● **Task statement**:
Starting with the line that holds "Hermès Bolide 27" and stopping after the line that holds "Schauspieler Ryan Gosling", repeat the lines below word for word, without the pictures.

● **Material to process**:
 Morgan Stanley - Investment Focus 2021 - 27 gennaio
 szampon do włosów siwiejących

--

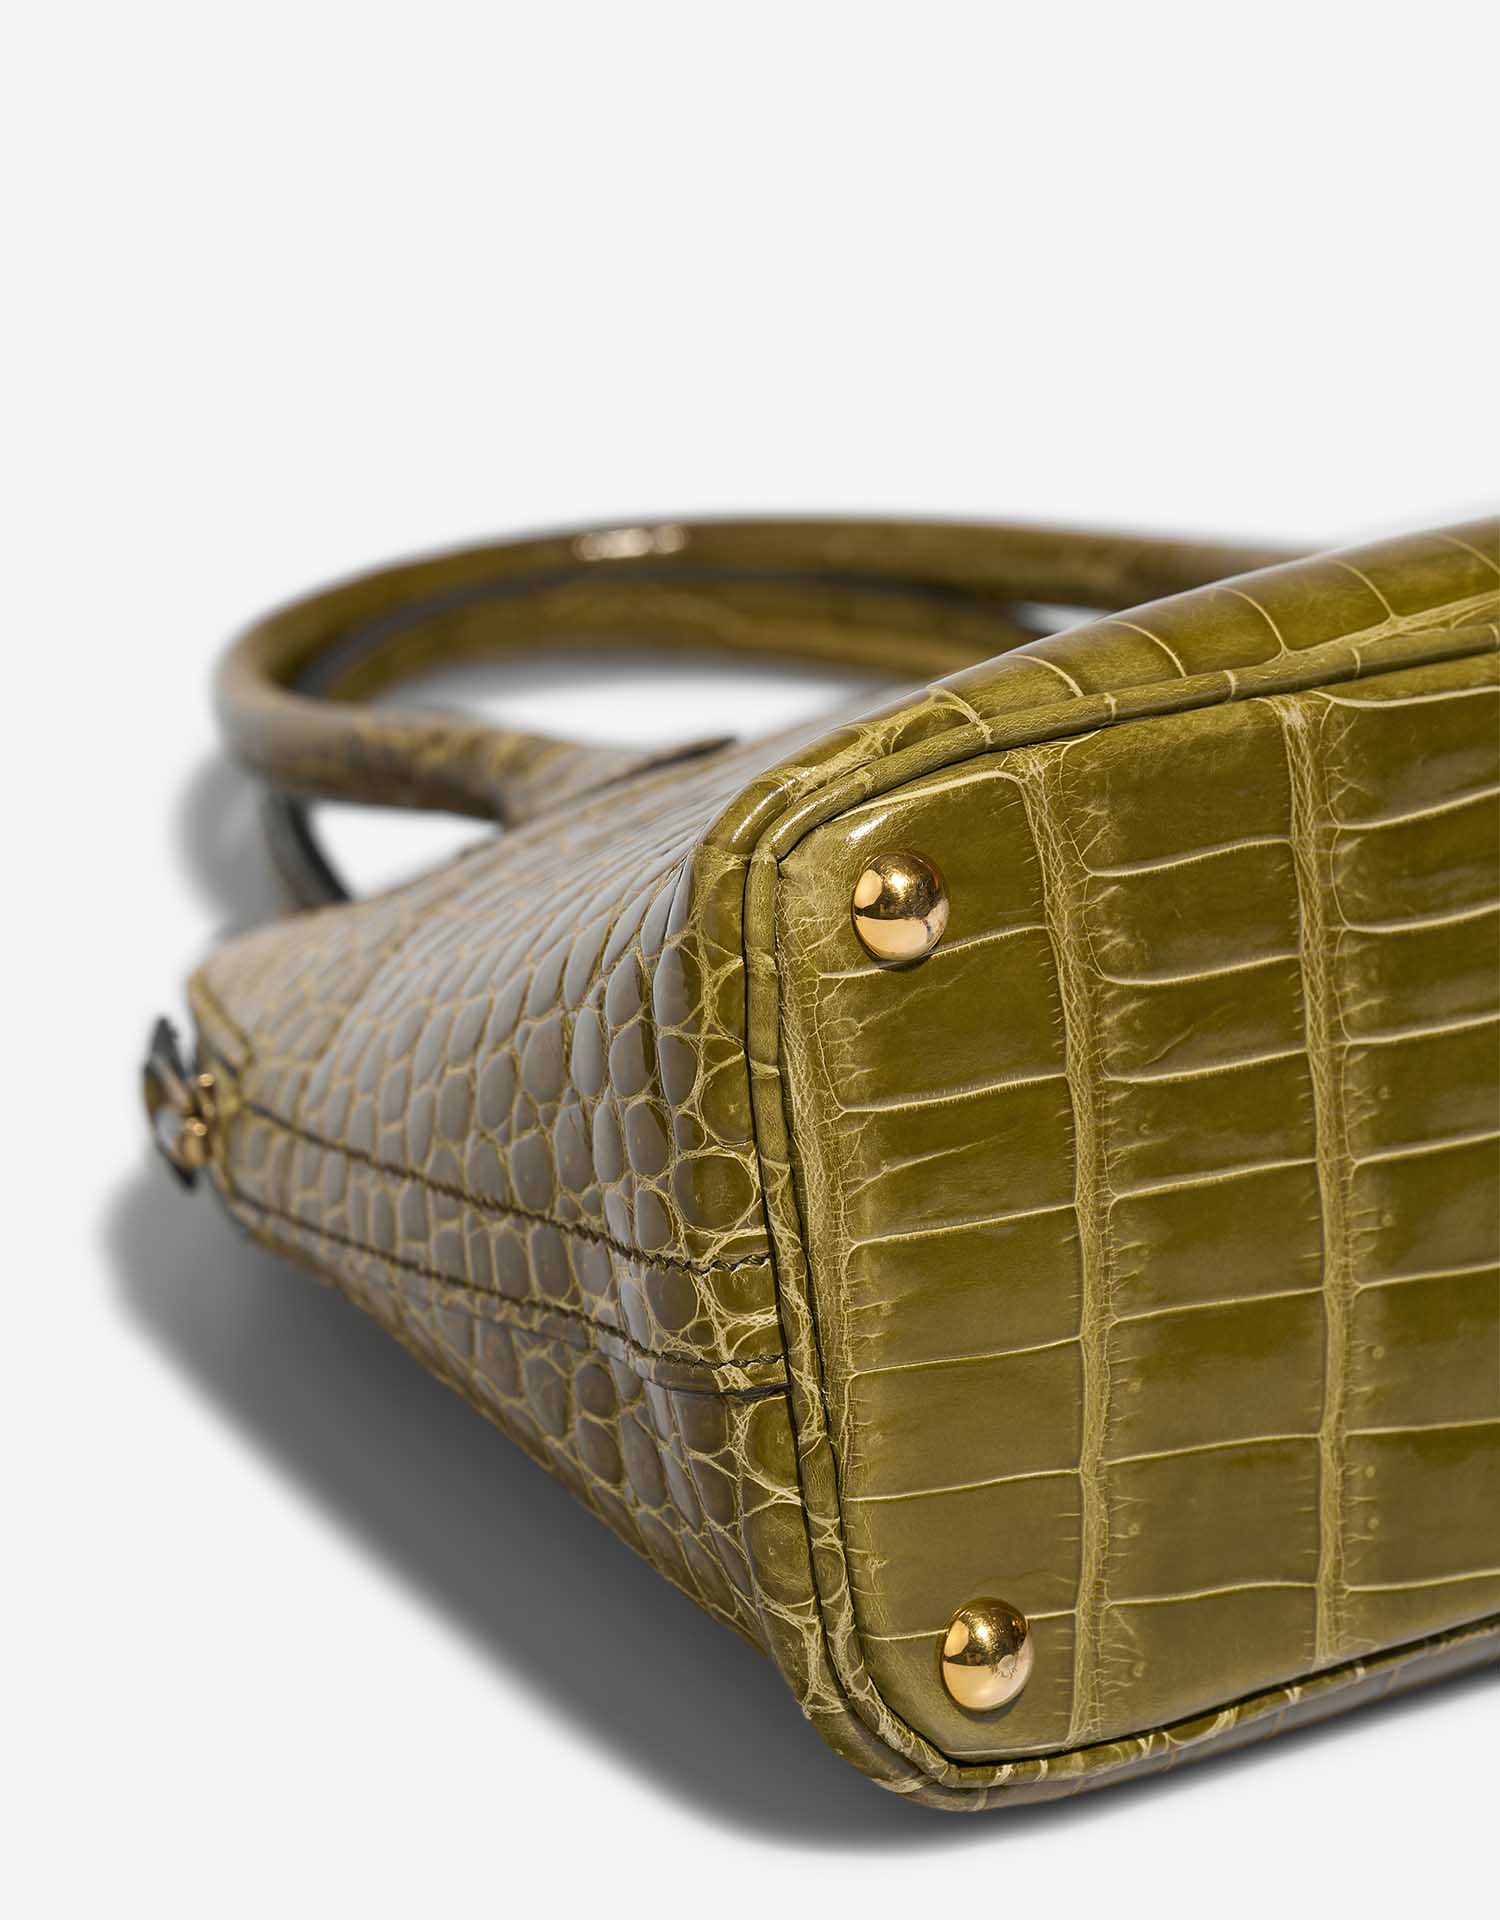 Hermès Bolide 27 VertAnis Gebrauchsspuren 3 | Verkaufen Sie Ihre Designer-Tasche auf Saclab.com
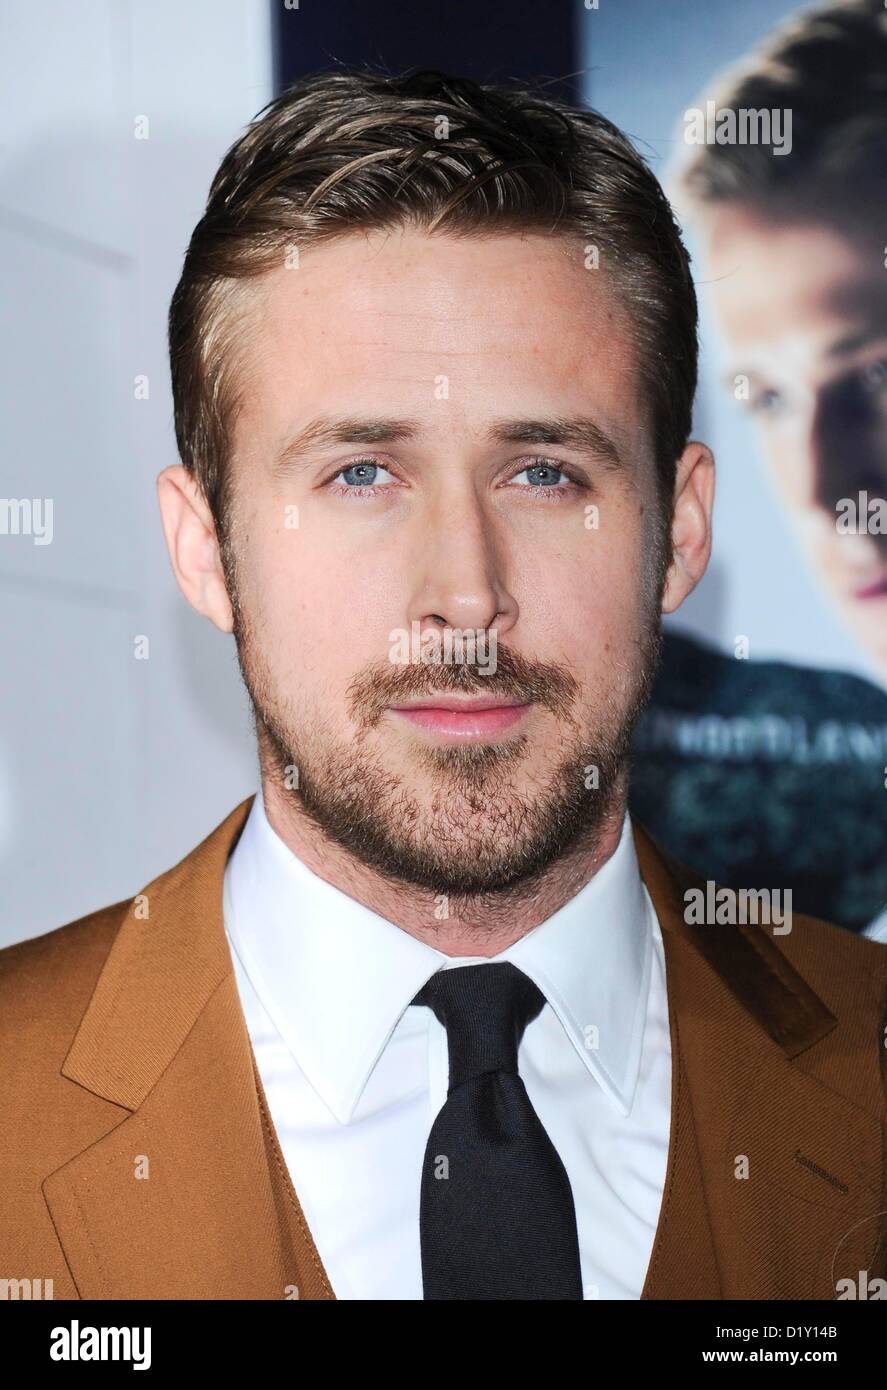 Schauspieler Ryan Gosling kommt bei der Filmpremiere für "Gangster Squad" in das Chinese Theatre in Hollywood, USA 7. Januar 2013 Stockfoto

● **Answer below**:
 Hermès Bolide 27 VertAnis Gebrauchsspuren 3 | Verkaufen Sie Ihre Designer-Tasche auf Saclab.com
 Schauspieler Ryan Gosling kommt bei der Filmpremiere für "Gangster Squad" in das Chinese Theatre in Hollywood, USA 7. Januar 2013 Stockfoto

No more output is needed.